KASP assays were performed in 384-well formats with 5.0 μL mixtures containing 2.2 μL of 40 ng/μL DNA, 2.5 μL of 1 X KASP V4.0 2X Master mix (KBS-1016-017), 0.04 μL Mg2+, 0.056 μL of primer mixture, and 0.204 ddH2O. Ultrapure water was used as the non-template control (NTC). PCR was performed with the following profile: hot start at 95 °C for 15 min, followed by ten touchdown cycles (95 °C for 20 s; touchdown at 65 °C initially and decreasing by 1 °C per cycle for 25 s), followed by 30 additional cycles of annealing (95 °C for 10 s; 57 °C for 60 s). Amplification products were genotyped on QuantStudio™ 7 Flex (Applied Biosystems by Life Technologies), and data were visualized using QuantStudio™ Real-time PCR software v.1.3 (Applied Biosystems by Life Technologies).

Population structure and phylogenetic analysis

Genotypic data of 47 genes was used to calculate genetic distance among the 1152 accessions using Nei’s distances [32]. A neighbor-joining tree was constructed in PowerMarker v3.25 [33]. MEGA 5 [34] was used to visualize the phylogenetic tree. The parameters for genetic diversity were conducted using PowerMarker v3.25. Principal coordinate analysis (PCA) was also performed to reveal relationships among different populations using the R package Adegenet v2.0.1 [35], and the first two eigenvectors were plotted in two populations.

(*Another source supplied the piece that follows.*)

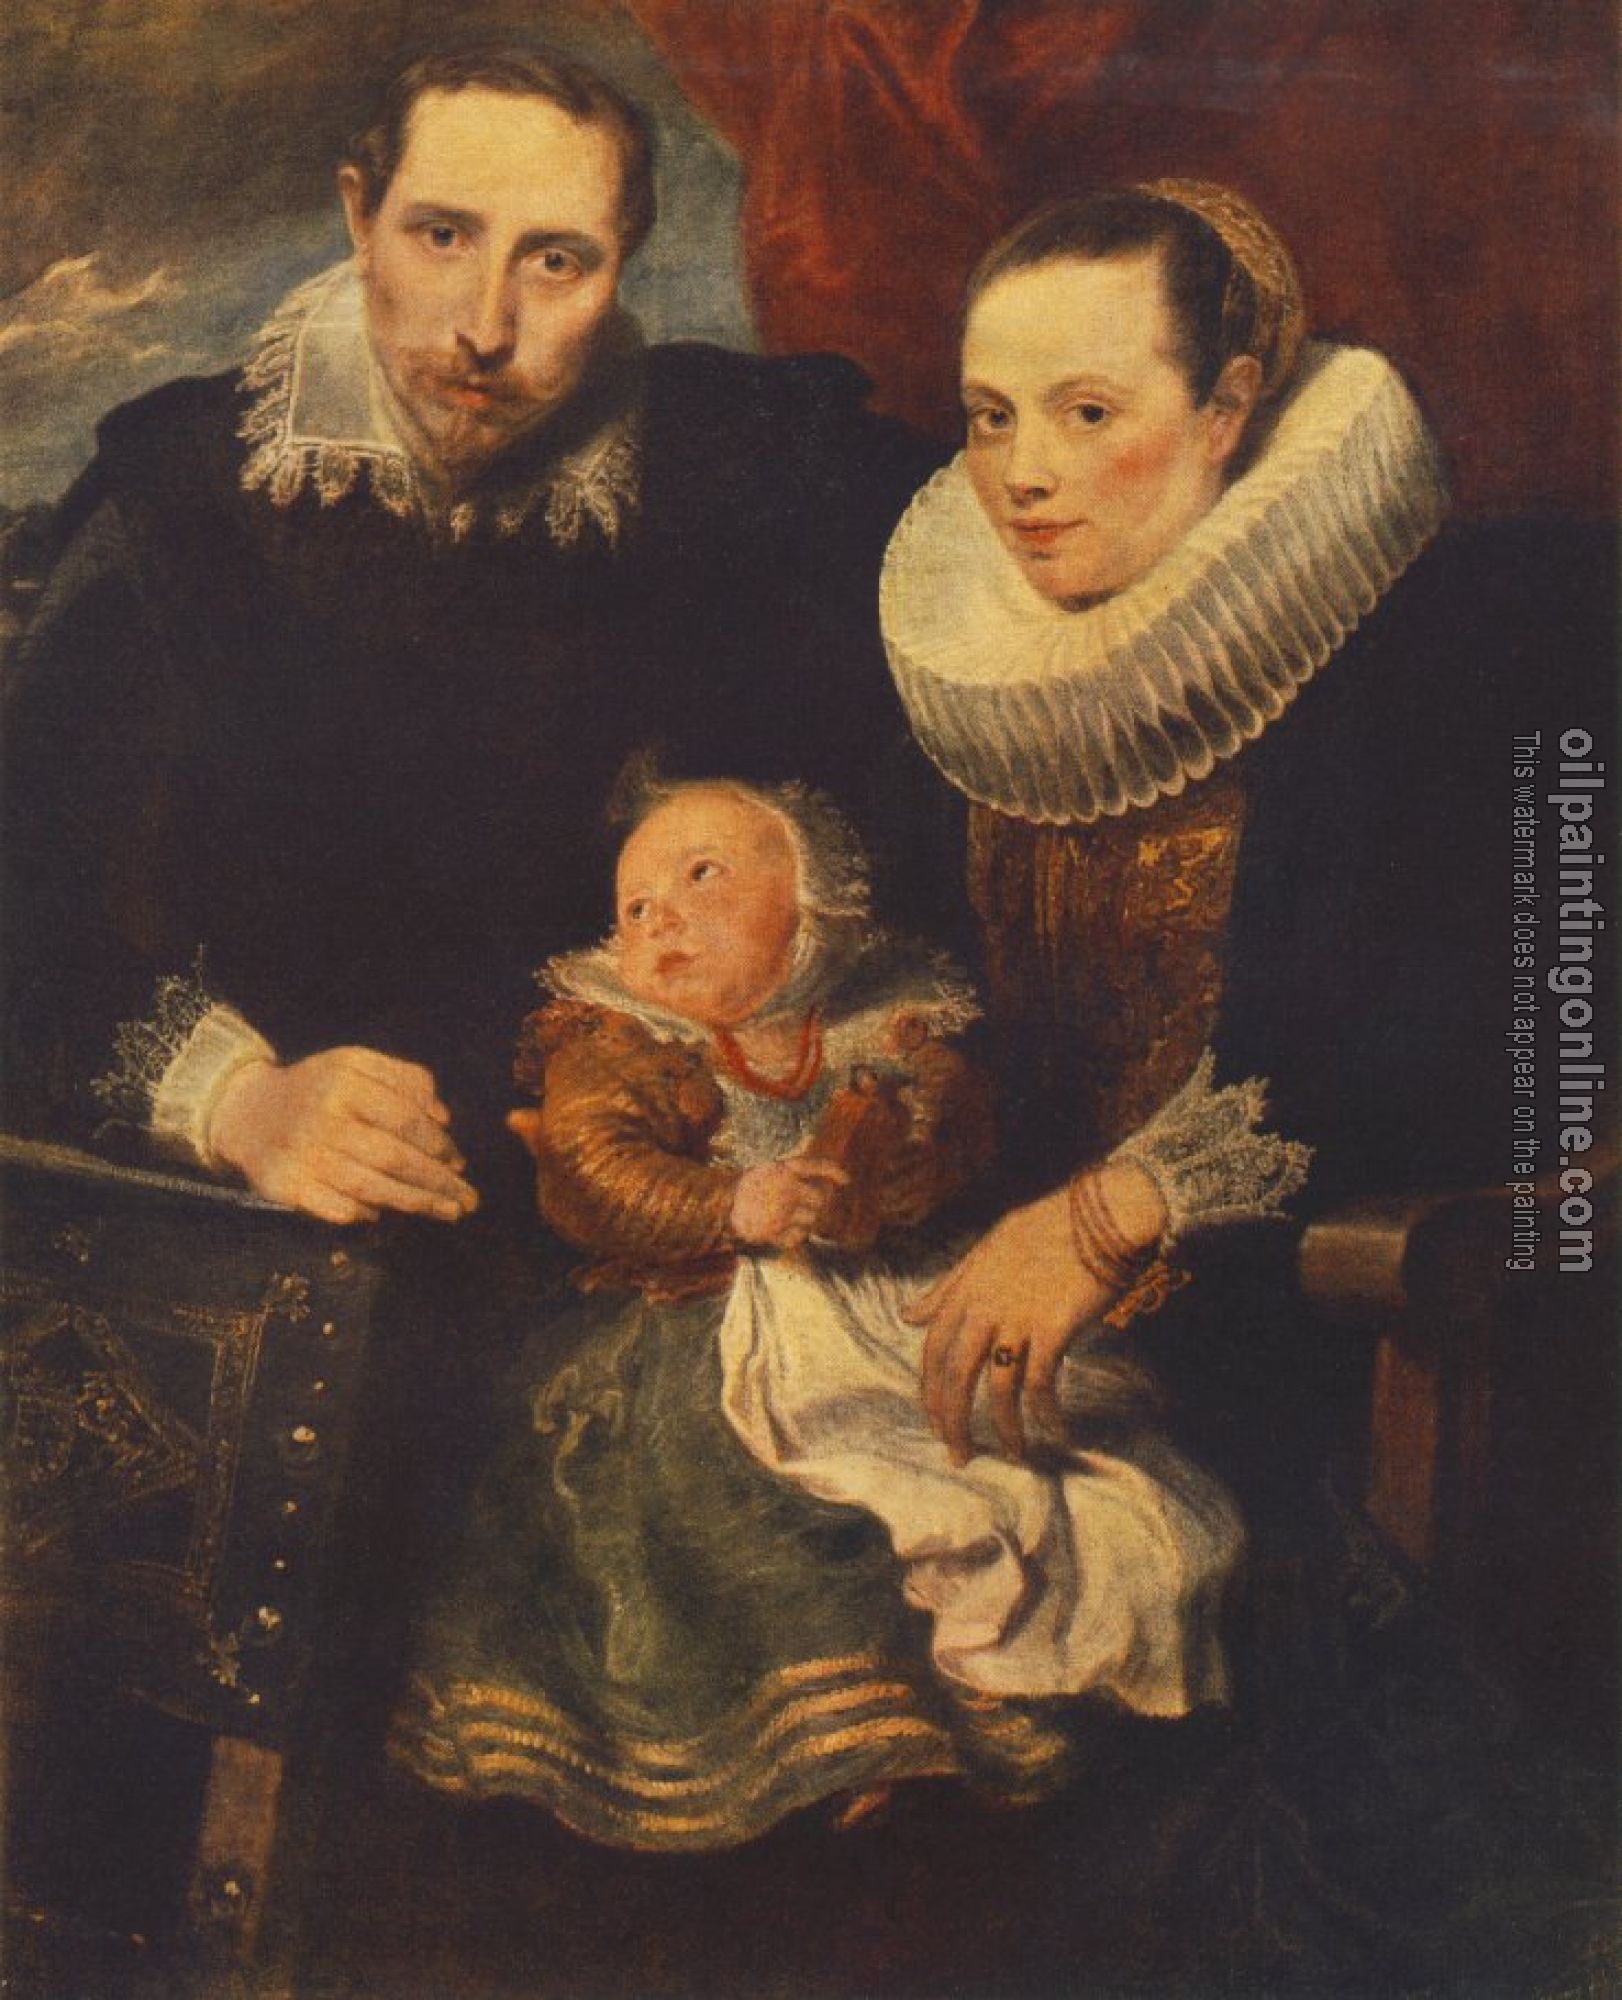 Dyck, Anthony van - Family Portrait

Analyses of association between KASP markers and traits

Using phenotypic data for 11 traits in three environments, we detected significant associations between loci and traits. According to population structure above, KASP assays from 47 genes of Chinese landraces and modern Chinese cultivars were respectively used to implement association analyses with one-way ANOVA using PROC MIXED in SAS v.9.4 (SAS Institute 2010), and a significant association was declared at a threshold of P<0.05.

Estimation of genetic differentiation and selection signals

Divergences, F-statistics (Fst) and genetic distance, are measures of population differentiation based on genetic polymorphism data [36]. We also analyzed gene flow between subpopulations from different countries [37]. Divergence and gene flow were calculated with POPGENE software [38]. To detect improvement loci from landraces to modern cultivars, selection signals were estimated by altering the population allelic frequency of polymorphic loci of the target genes [17, 39]. A frequency difference between the two subgroups was interpreted to be an important selection criterion using Z tests in SAS software (SAS Institute 2010). This has been used to measure population differentiation in animals [40] and soybeans [41].

Results

KASP assays and genetic structure in global wheat resources

The 1152 accessions were evaluated for genotype, phenotype and geographical distribution (Fig. 1a; Additional file 1: Table S1). Four hundred and eighty accessions were selected from the Chinese mini-core collection and recently released Chinese cultivars; 672 accessions were introduced from other countries (Additional file 2: Figure S1).

Fig. 1
figure 1

Geographic distribution and phylogenetic relationships of 1152 accessions. a Geographic sources in which the distributed regions are marked in purple. The five regions are China, former USSR, Europe, CIMMYT and North America presented as I–V, respectively. The world map is available at https://commons.wikimedia.org/wiki/Category:Blank_SVG_maps_of_the_world. b A neighbor-joining tree of 1152 accessions constructed with 47 KASP markers. c PCA plots of all accessions based on the same number of markers. Chinese and introduced accessions are shown in blue and black, respectively

Genotyping of the entire collection using 47 functional genes allowed us to identify the allelic variations (Additional file 1: Table S1). The polymorphic assays from 47 loci were classified into four trait categories relating to grain yield, quality, adaptation, and stress resistance. Phylogenetic analysis (Fig. 1b) and principal component analysis (PCA) (Fig. 1c) showed that lines were divided into two groups referred to as Chinese wheat resources and introduced cultivars (IC), although different degrees of introgression were detected between them. Accessions from China were divided into two subgroups, Chinese landraces (CL) and modern Chinese cultivars (MCC) (Additional file 3: Figure S2). Introduced accessions were subdivided into four subgroups, viz. European, former USSR, CIMMYT and North American (Additional file 4: Figure S3).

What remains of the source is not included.